Добавить в цитаты Настройки чтения

Страница 10 из 19

Мгновенно подбежала девушка-консультант – проверить, в чём дело. Видел бы кто – ошалел на месте, как мать на неё вылупилась, выставила сиськи вперёд, нос кверху, сделала царский вид, как будто двери были виновны в том, что пищат. Так что вы думаете, у неё даже сумку не проверили. Девушка подумала, что на её одежде где-то осталась не снятая с другого магазина наклейка, провоцирующая сигнал. Правда, она сделала вид, что не выходила, а заходила в магазин. После чего ей пришлось выложить дорогие кроссовки из сумки, пока никто не видел, и купить мне дешёвые, став в очередь вместе со всеми перед кассой. При этом она ещё и жаловалась, что в магазине полно народу. Воровству все возрасты покорны. Вот она меня тоже научила, так как денег на всё не хватало. Промышляли частенько вместе в целях экономии семейного бюджета. Шопинг в нашей семье – классический атрибут воровства!

Я спал, а может, не спал. Усталость накрыла меня. Моя голова так и не смогла очиститься от мыслей. Внезапно я услышал, как папа надевает штаны, на которых пояс звенит так регулярно, как будильник. Этот звук я слышу с пелёнок каждое утро, перед тем, как тот раньше меня уходит на работу. Странно, кого он может фотографировать в такую рань? Разве какую-нибудь бабку, которой уже на фотографиях наплевать на утренние мешки под глазами?

Я встал и начал натягивать спортивки. Не хотел, чтобы отец бродил в одиночестве по ночам, ведь за окном ещё не рассвело. И вообще, куда это он собрался?

Мы вышли из дома, я, правда, выпал в окно с другой стороны особняка. Я даже умел прыгать из своего окна на траву, как в бассейн, сальто. Но в тот раз пришлось выполнить трюк потише, как слоны, приземляясь на жировую подушку как на «амортизаторах». Забавно же, как слоны тихо ходят, правда же? Сидишь так в тишине, где-нибудь в Индии, оборачиваешься, хренак – а за спиной у тебя 7 тонн стоит.

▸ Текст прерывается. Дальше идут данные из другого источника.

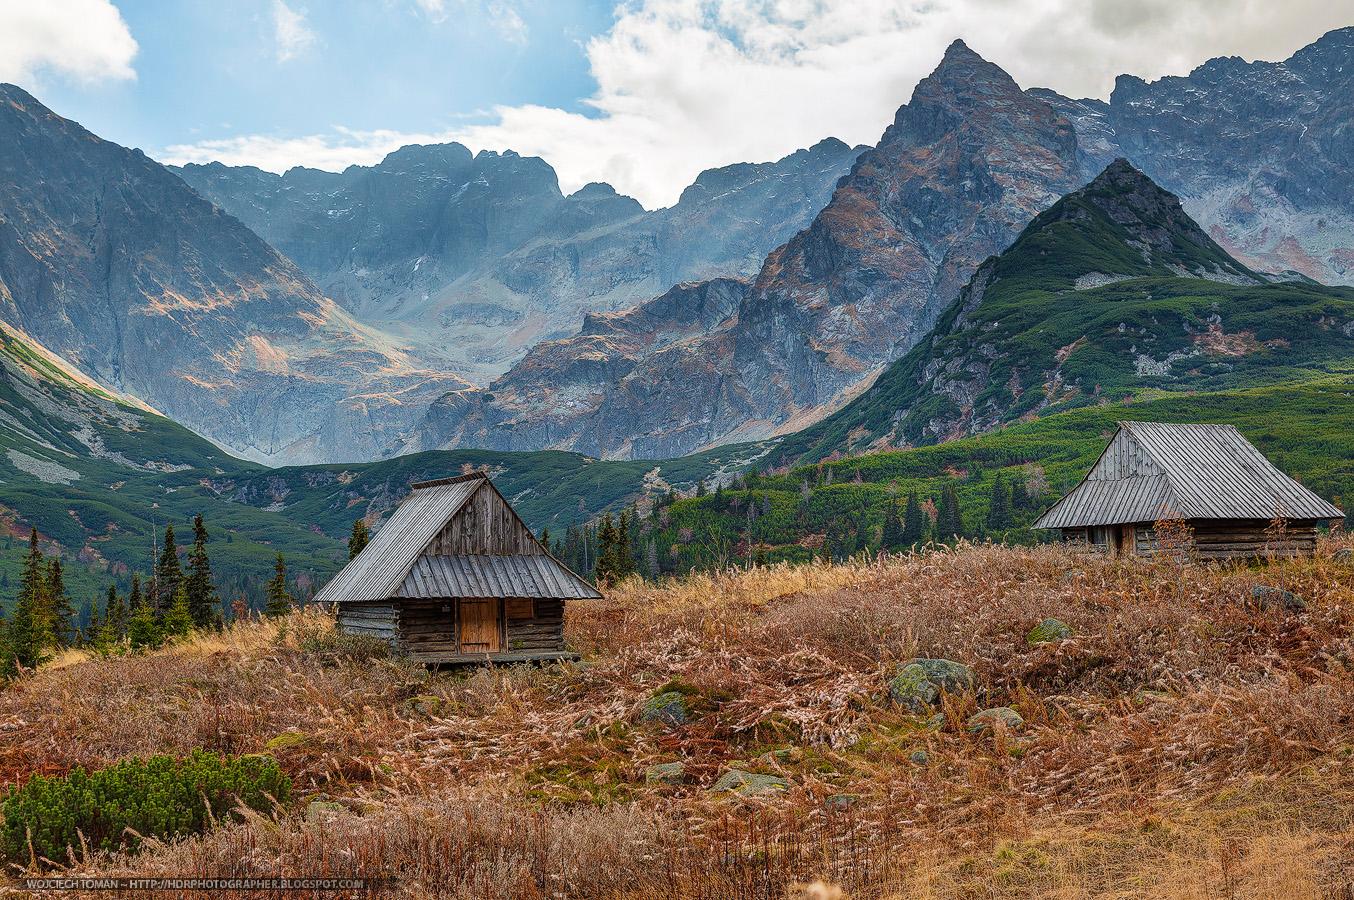 Mountain huts in Hala Gąsienicowa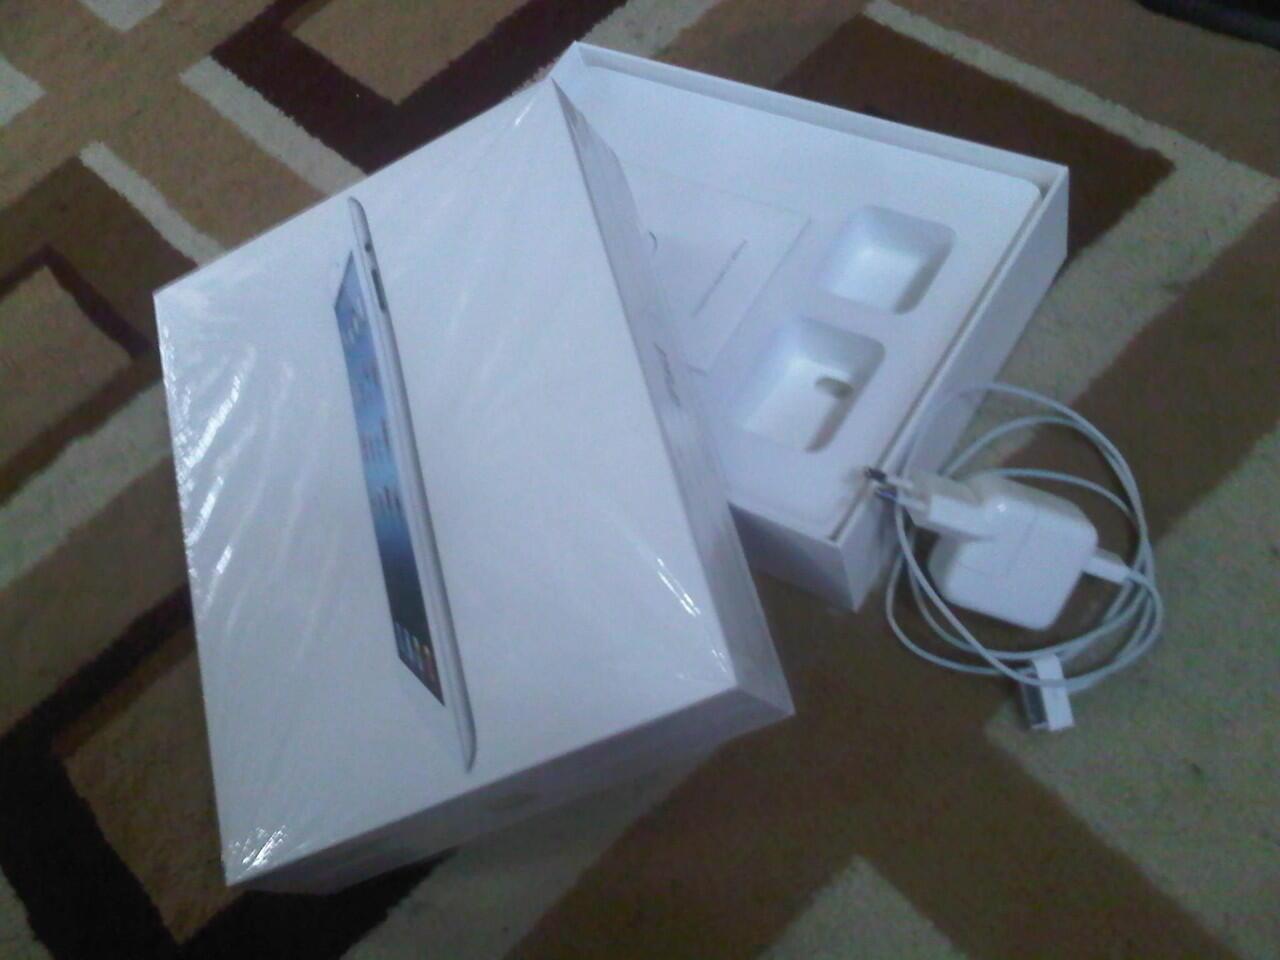 (WTS) New iPad / iPad 3 White 16GB WiFi

Папа шёл медленно, взрывая ногами листья, как все это делают, когда им грустно. Вечер был очень тёплым, несмотря на осенний месяц. Осень – пора бесспорно неописуемая, моя любимая. В этом месяце я становлюсь старше, иногда получаю подарки – разумеется, лишь благодаря отцу. В целом сдаётся мне, что именно в эту пору некоторые животные бегают в панике по лесу, заканчивают свои дела, обустраивают убежища, готовясь к холодной зиме. Им вовсе не до нас, не до людей. Благословенная погода дарит им возможность побыть без посетителей в лесу. В дождь или туман никому неохота бродить по дремучему лесу, так природа даёт возможность животным побыть в одиночестве, сконцентрироваться на своих делах, успеть уберечь себя и родных от холодов. Квинтэссенция настолько подстроена под жителей на земле, что даже простые деревья, на которых уже нет веток, не дают каким-то естественным образом обламывать свои сучья до конца, обеспечивая ступеньки наверх тем, кто желает подняться на лесной небоскрёб, поглядеть на свой дом – лес – сверху, насладиться просторами свободы. Не то, что человек, сидит, как дурак, в квартире или доме. Разве это интересно?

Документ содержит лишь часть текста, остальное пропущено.